Verbatim copy, images omitted: return the full listing.

**Recorded data**
==================================================

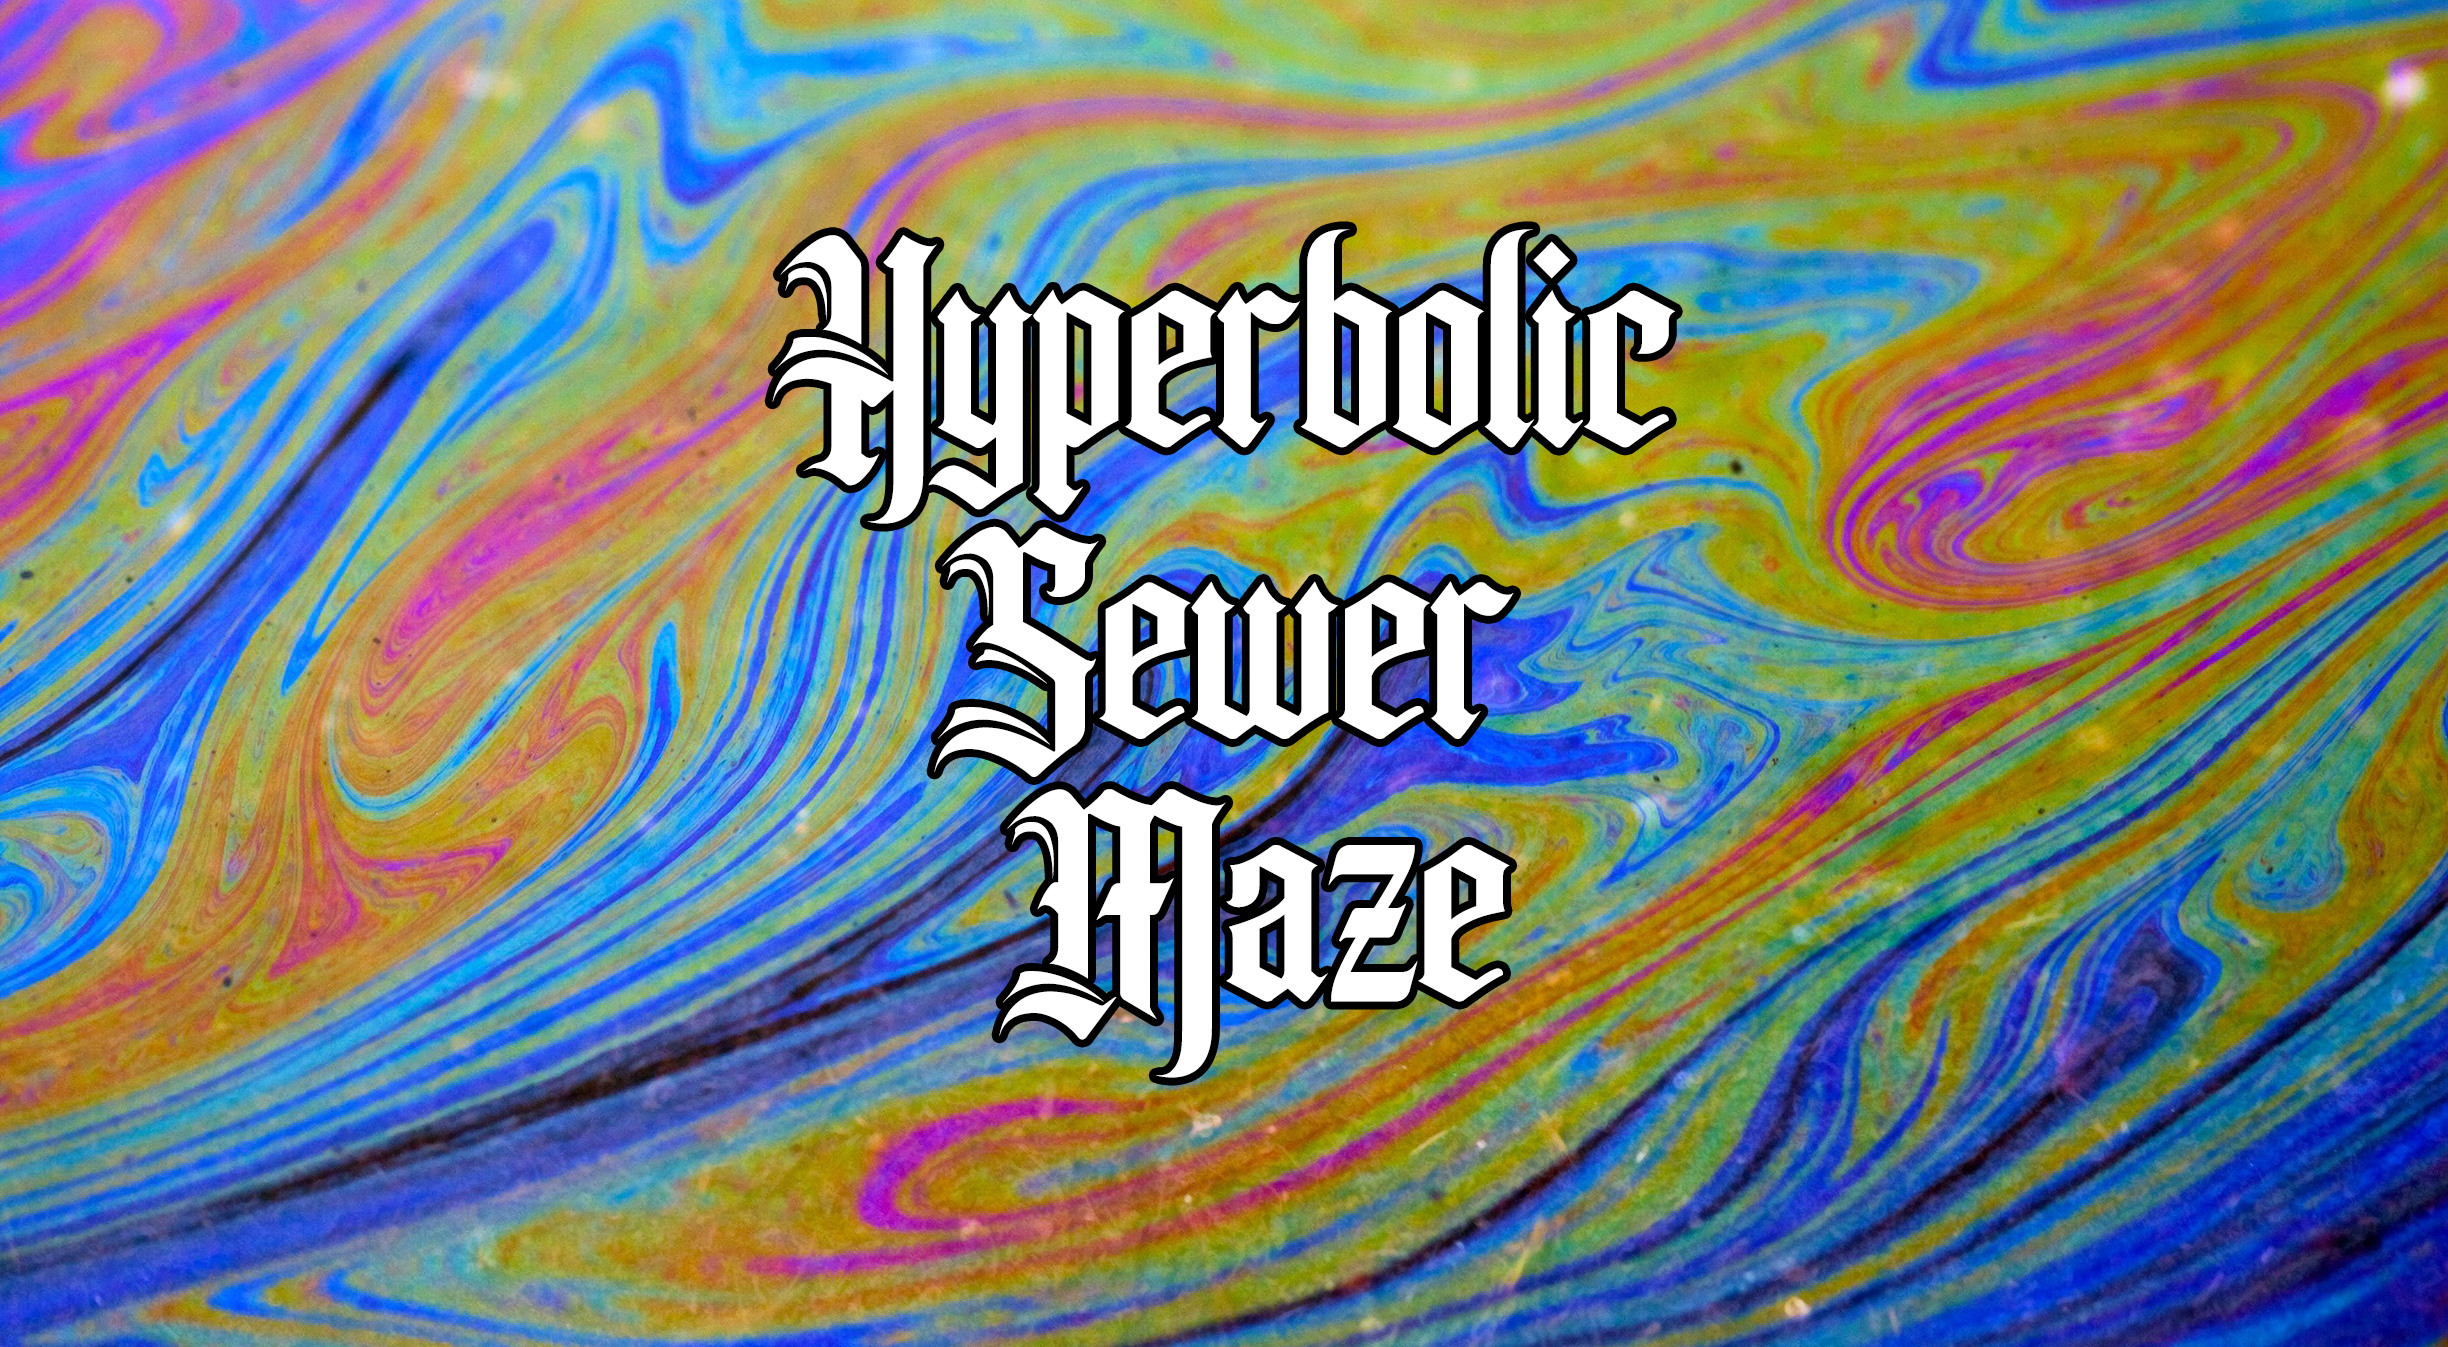 Hyperbolic Sewer Maze
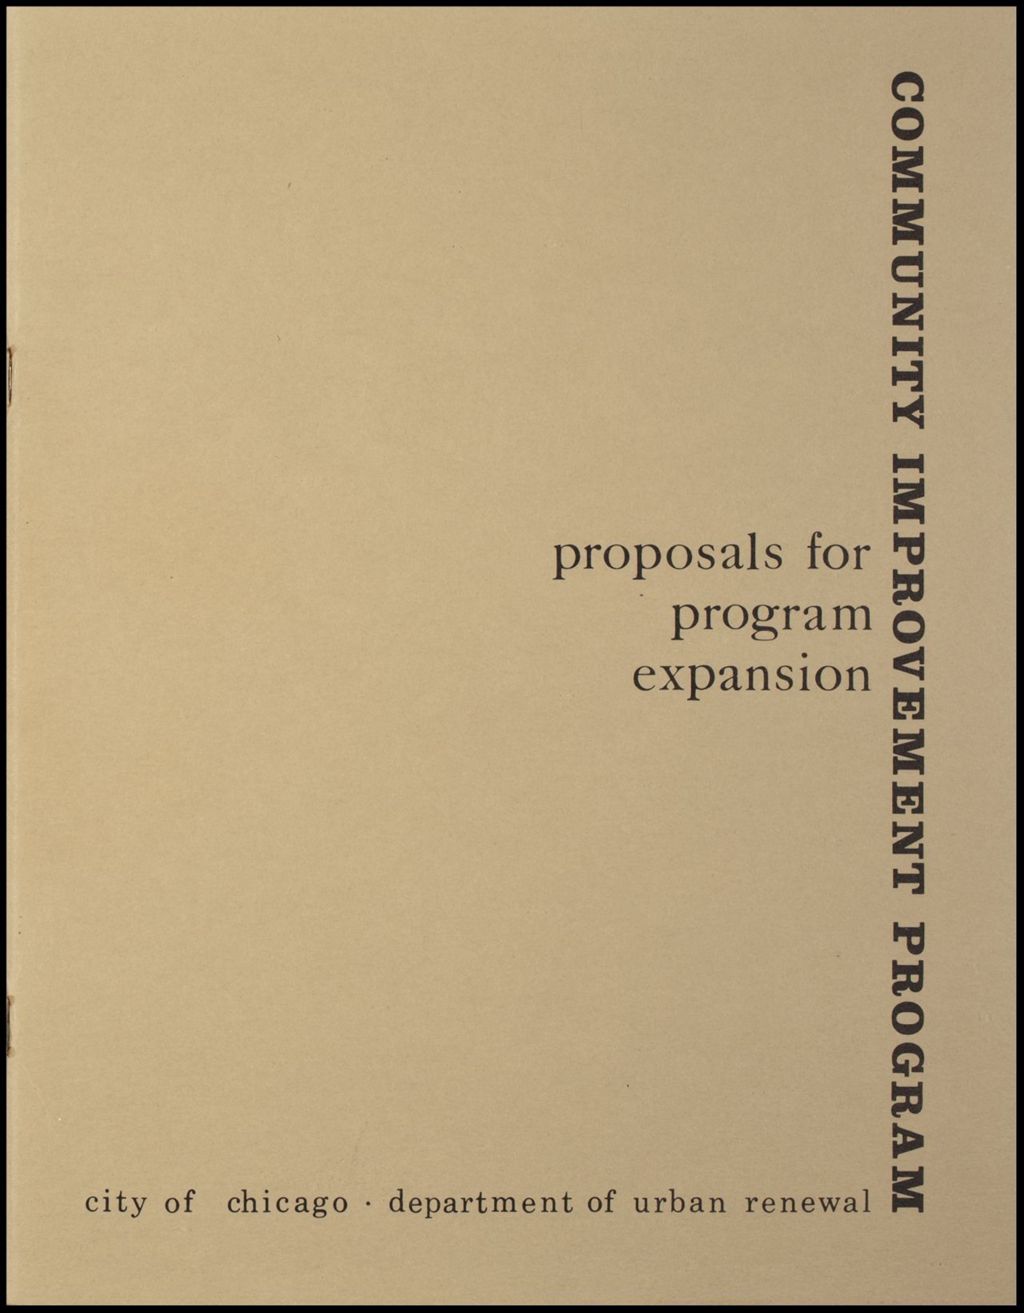 Miniature of City of Chicago Community Improvement Program, 1967 (Folder III-1821)
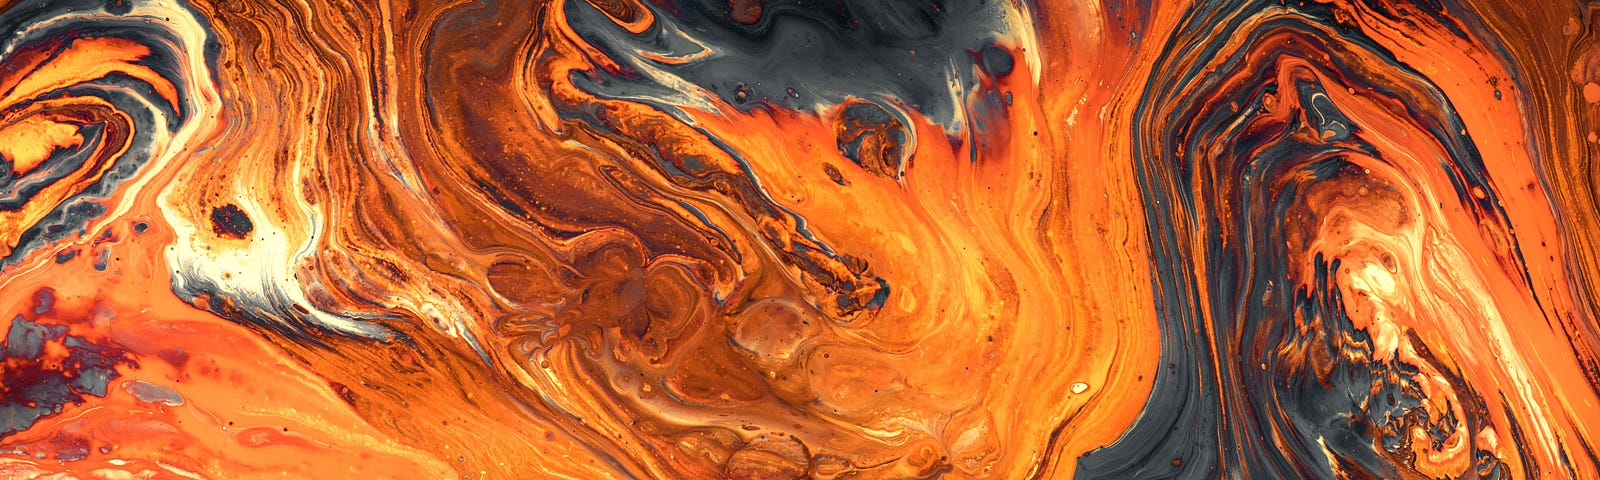 an image of orange, yellow and black swirls of paint
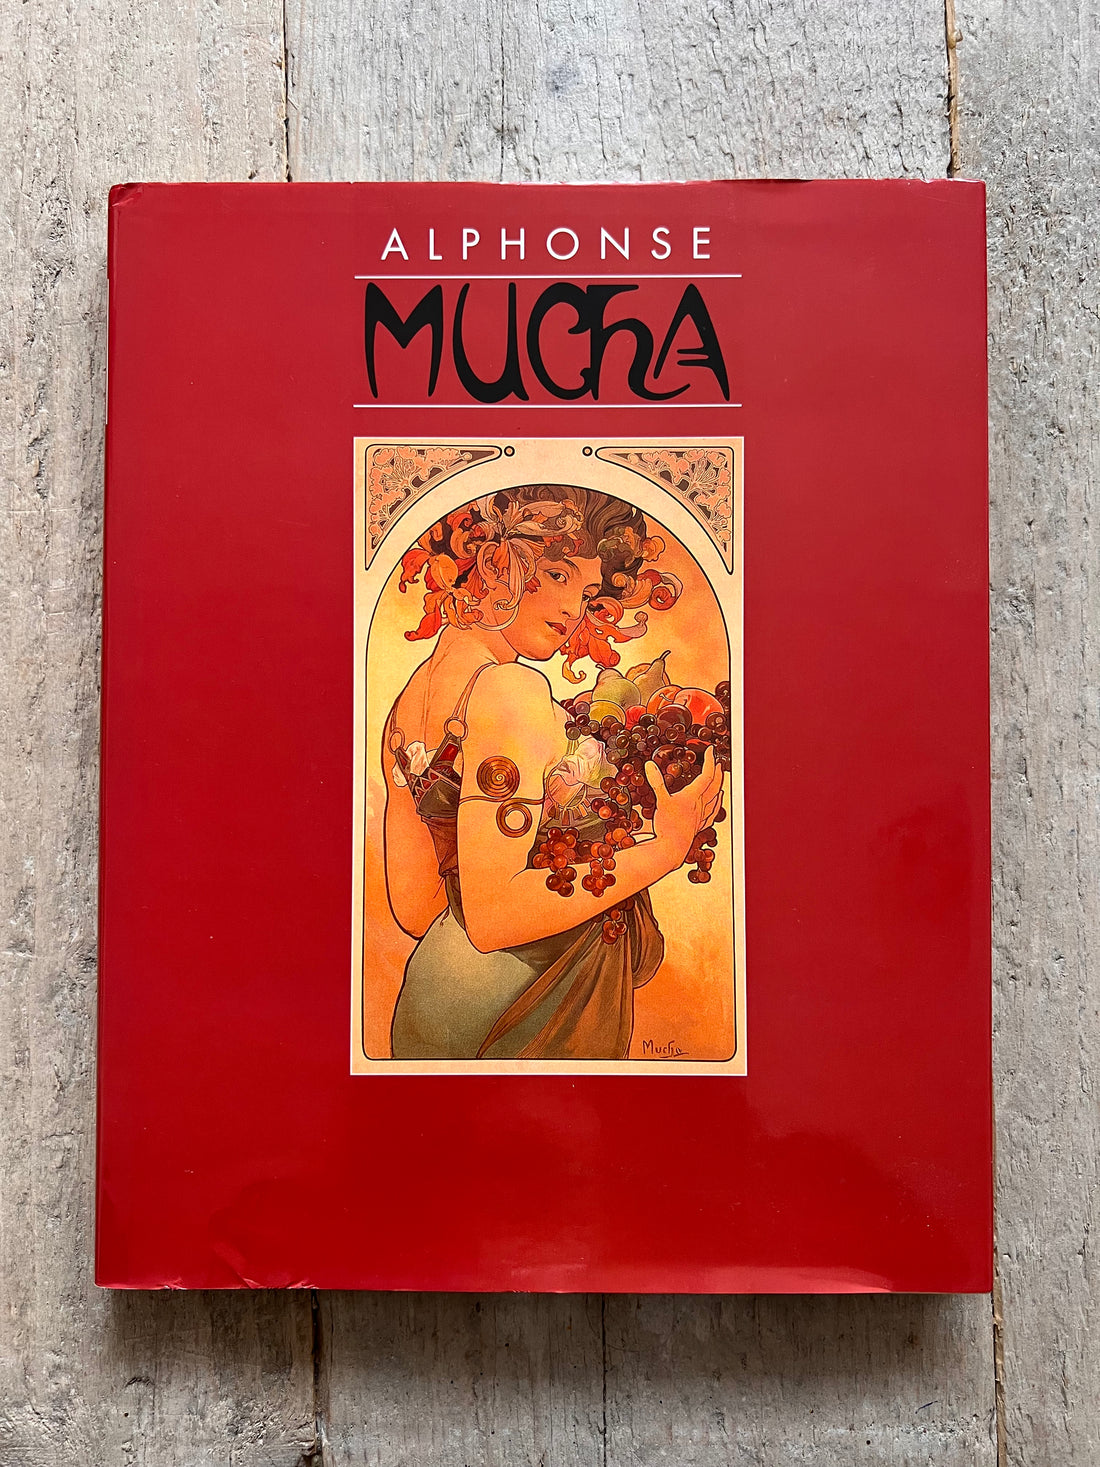 Boek Alphonse Mucha

==================================================

**Response area**
 Hyperbolic Sewer Maze
 Miniature of City of Chicago Community Improvement Program, 1967 (Folder III-1821)
 an image of orange, yellow and black swirls of paint
 Boek Alphonse Mucha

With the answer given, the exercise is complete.